=== Assignment ===
Nothing but the lines from the one with "Made of wood, feature" through the end of the data should be set down, each exactly as written, and no picture should be included.

=== Information shown ===
--------------------
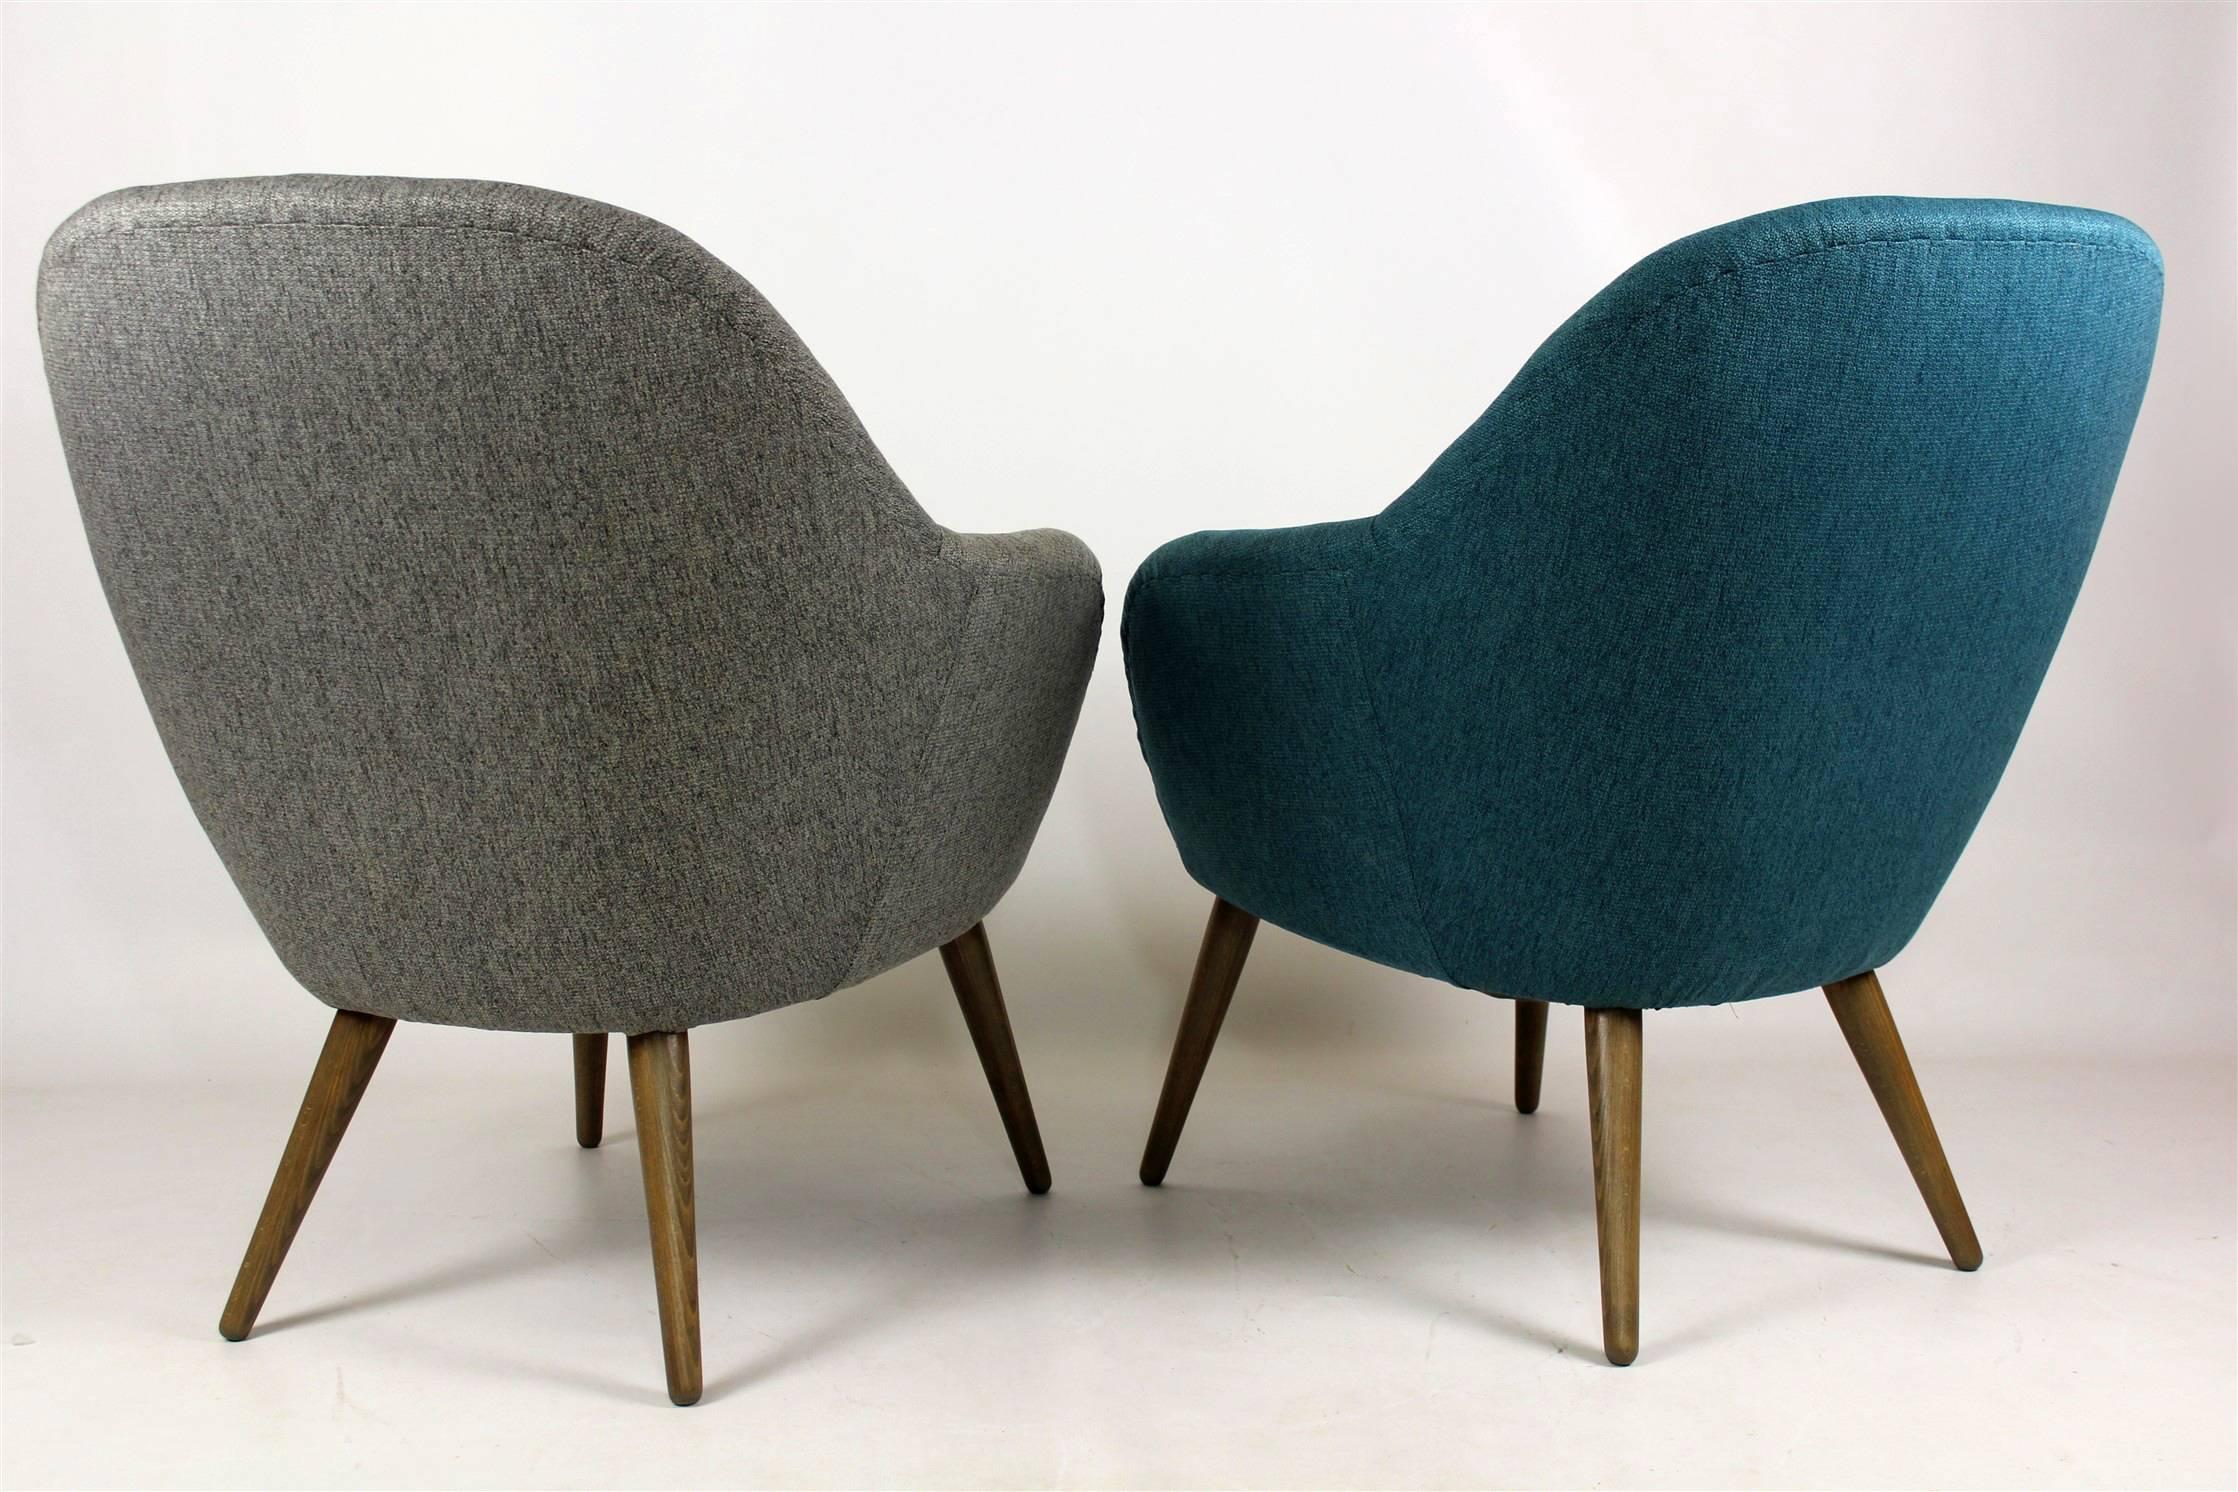 Pair of mid-century armchairs, produced in the late 1950s to early 1960s.
Made of wood, feature springed seats. Completely restored, satin lacquered woodwork, upholstered in grey and turquoise fabric.

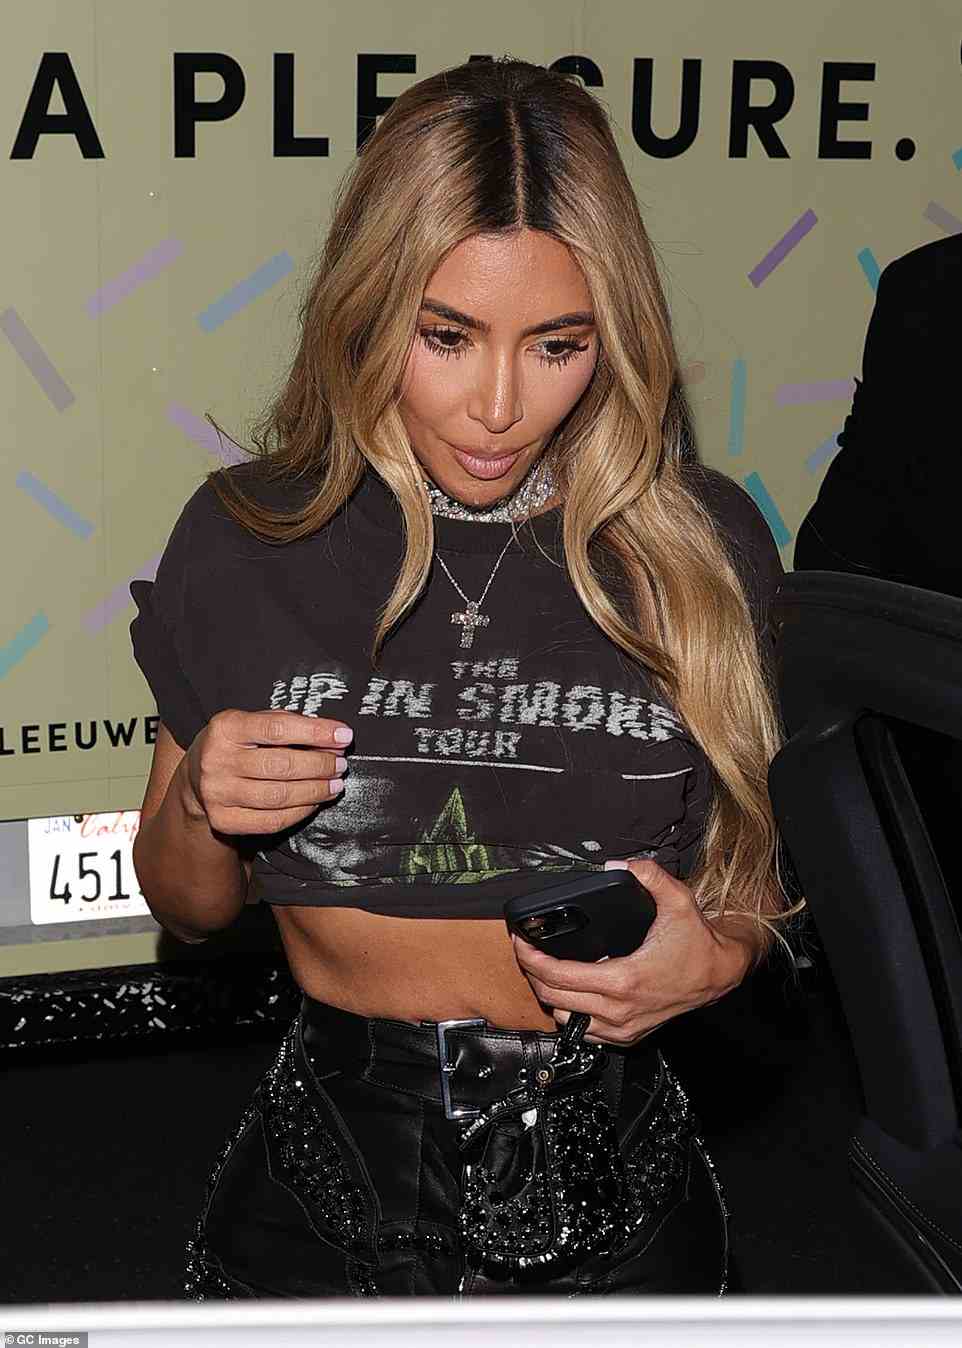 Hot: Kim Kardashian, 42, showed off her midriff in a tiny black top and high waisted leather pants as she arrived to the party. Her black hair was dyed a dirty blonde and fell in waves down the sides of her face
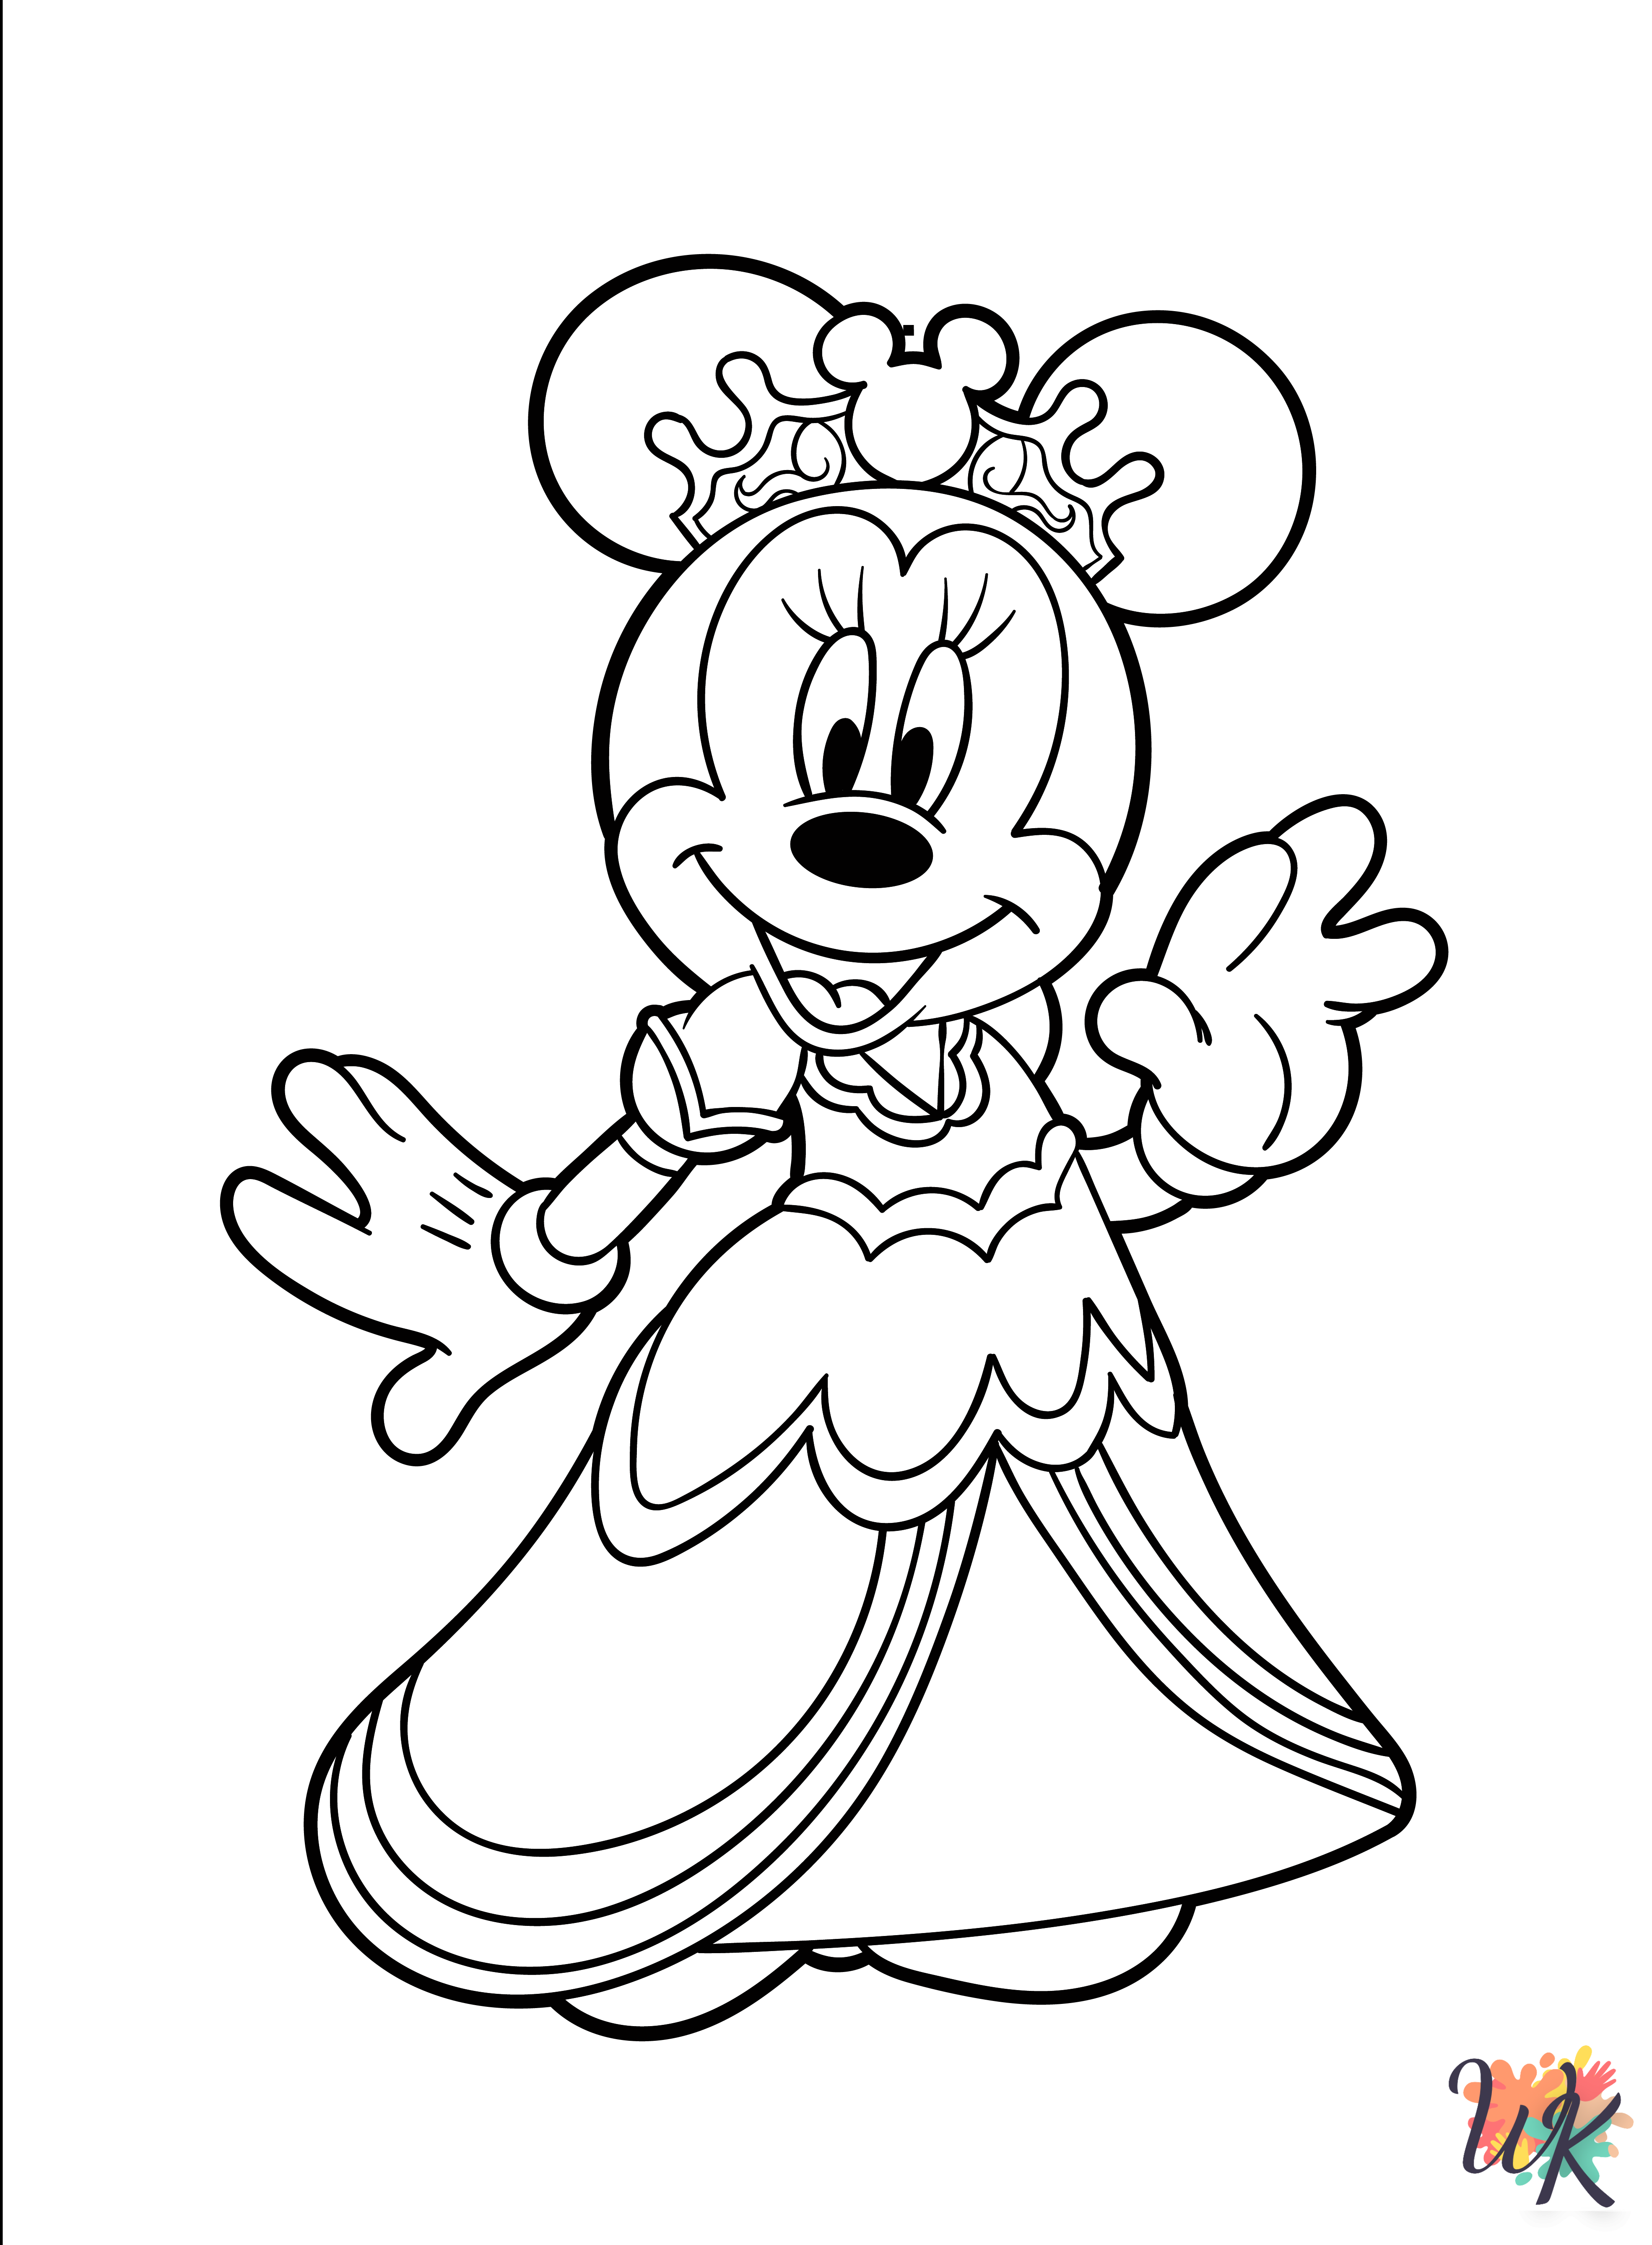 printable Minnie Mouse coloring pages for adults
--------------------
=== Expected answer ===
Made of wood, feature springed seats. Completely restored, satin lacquered woodwork, upholstered in grey and turquoise fabric.

 Hot: Kim Kardashian, 42, showed off her midriff in a tiny black top and high waisted leather pants as she arrived to the party. Her black hair was dyed a dirty blonde and fell in waves down the sides of her face
 printable Minnie Mouse coloring pages for adults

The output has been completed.